To find the critical number of a function, we need to first calculate its derivative and solve for the values of x where the derivative is either zero or undefined.

Let's start by finding the derivative of the given function f(x) = 6xln(x). We can use the product rule to differentiate this function. The product rule states that if f(x) = g(x) * h(x), then f'(x) = g'(x) * h(x) + g(x) * h'(x).

In this case, g(x) = 6x and h(x) = ln(x). Differentiating g(x) with respect to x, we get g'(x) = 6. Differentiating h(x) with respect to x requires the use of the chain rule since we have a composite function.

The chain rule states that if h(x) = f(g(x)), then h'(x) = f'(g(x)) * g'(x). In this case, f(u) = ln(u) and u = x. Therefore, h'(x) = (1/u) * g'(x) = (1/x) * 6 = 6/x.

Now, applying the product rule, we can find the derivative of f(x):
f'(x) = g'(x) * h(x) + g(x) * h'(x) = 6x * ln(x) + 6 * (6/x) = 6x ln(x) + 36/x.

To find the critical numbers, we set the derivative equal to zero:
6x ln(x) + 36/x = 0.

To simplify this equation, we can divide through by 6:
x ln(x) + 6/x = 0.

To solve this equation, it can't be solved algebraically, so we need to use numerical methods or a graphing calculator.

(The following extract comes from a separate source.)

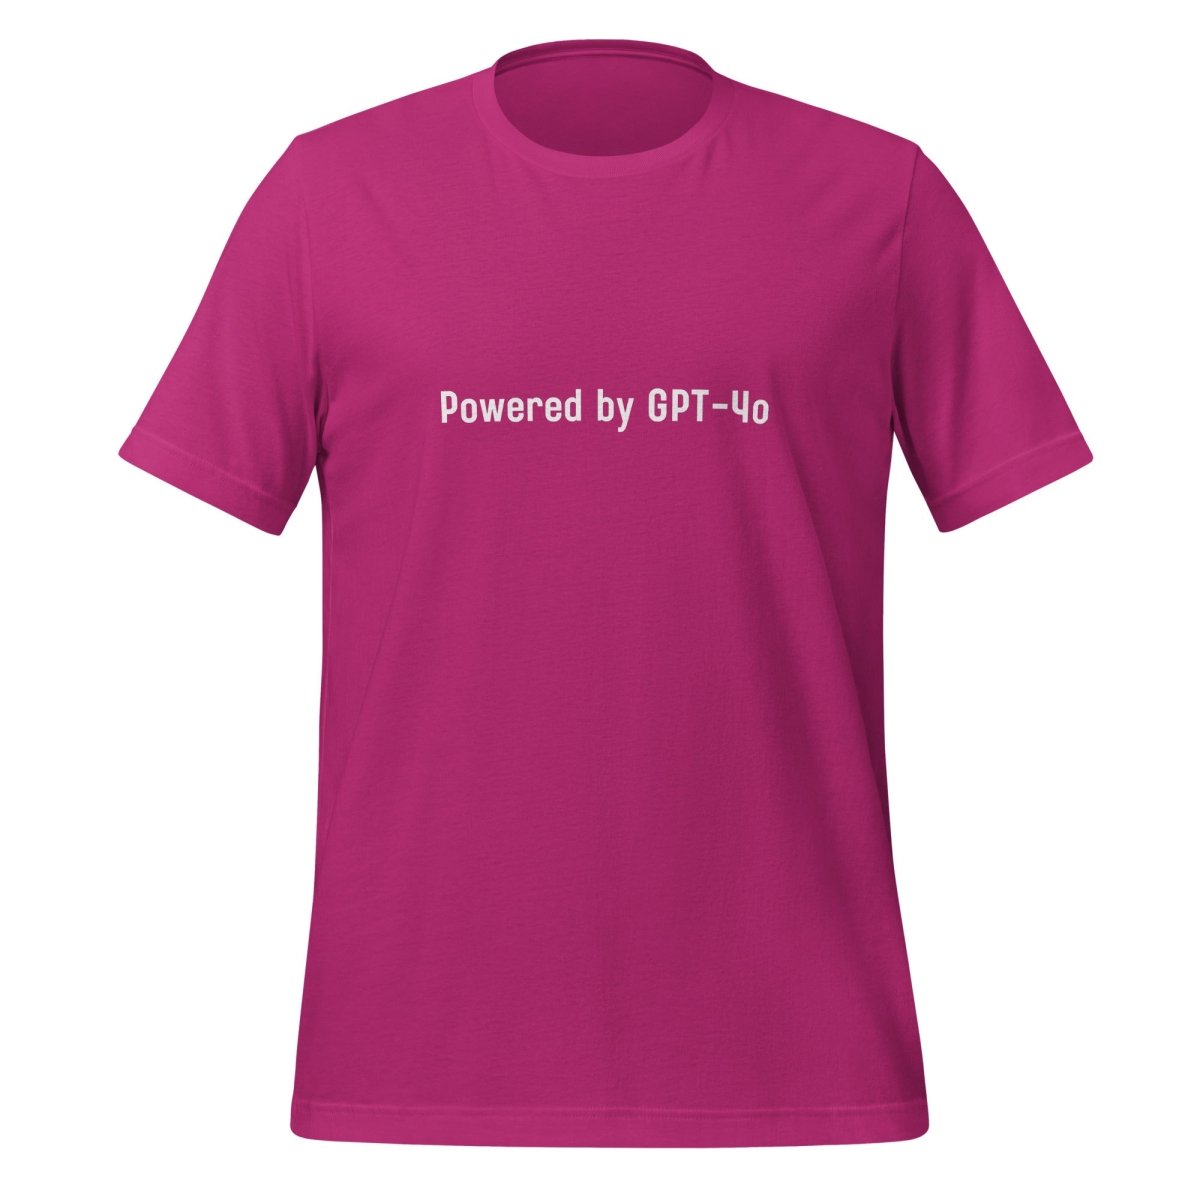 Powered by GPT - 4o T - Shirt 3 (unisex) - Berry - AI Store

One possible method is to graph the function f(x) = x ln(x) + 6/x and look for the values of x where the graph intersects the x-axis (where the function equals zero), indicating critical numbers.

By observing the graph or using a graphing calculator, we can see that the function intersects the x-axis at x ≈ 0.645 and x ≈ 7.354. These are the critical numbers of the function f(x) = 6x ln(x).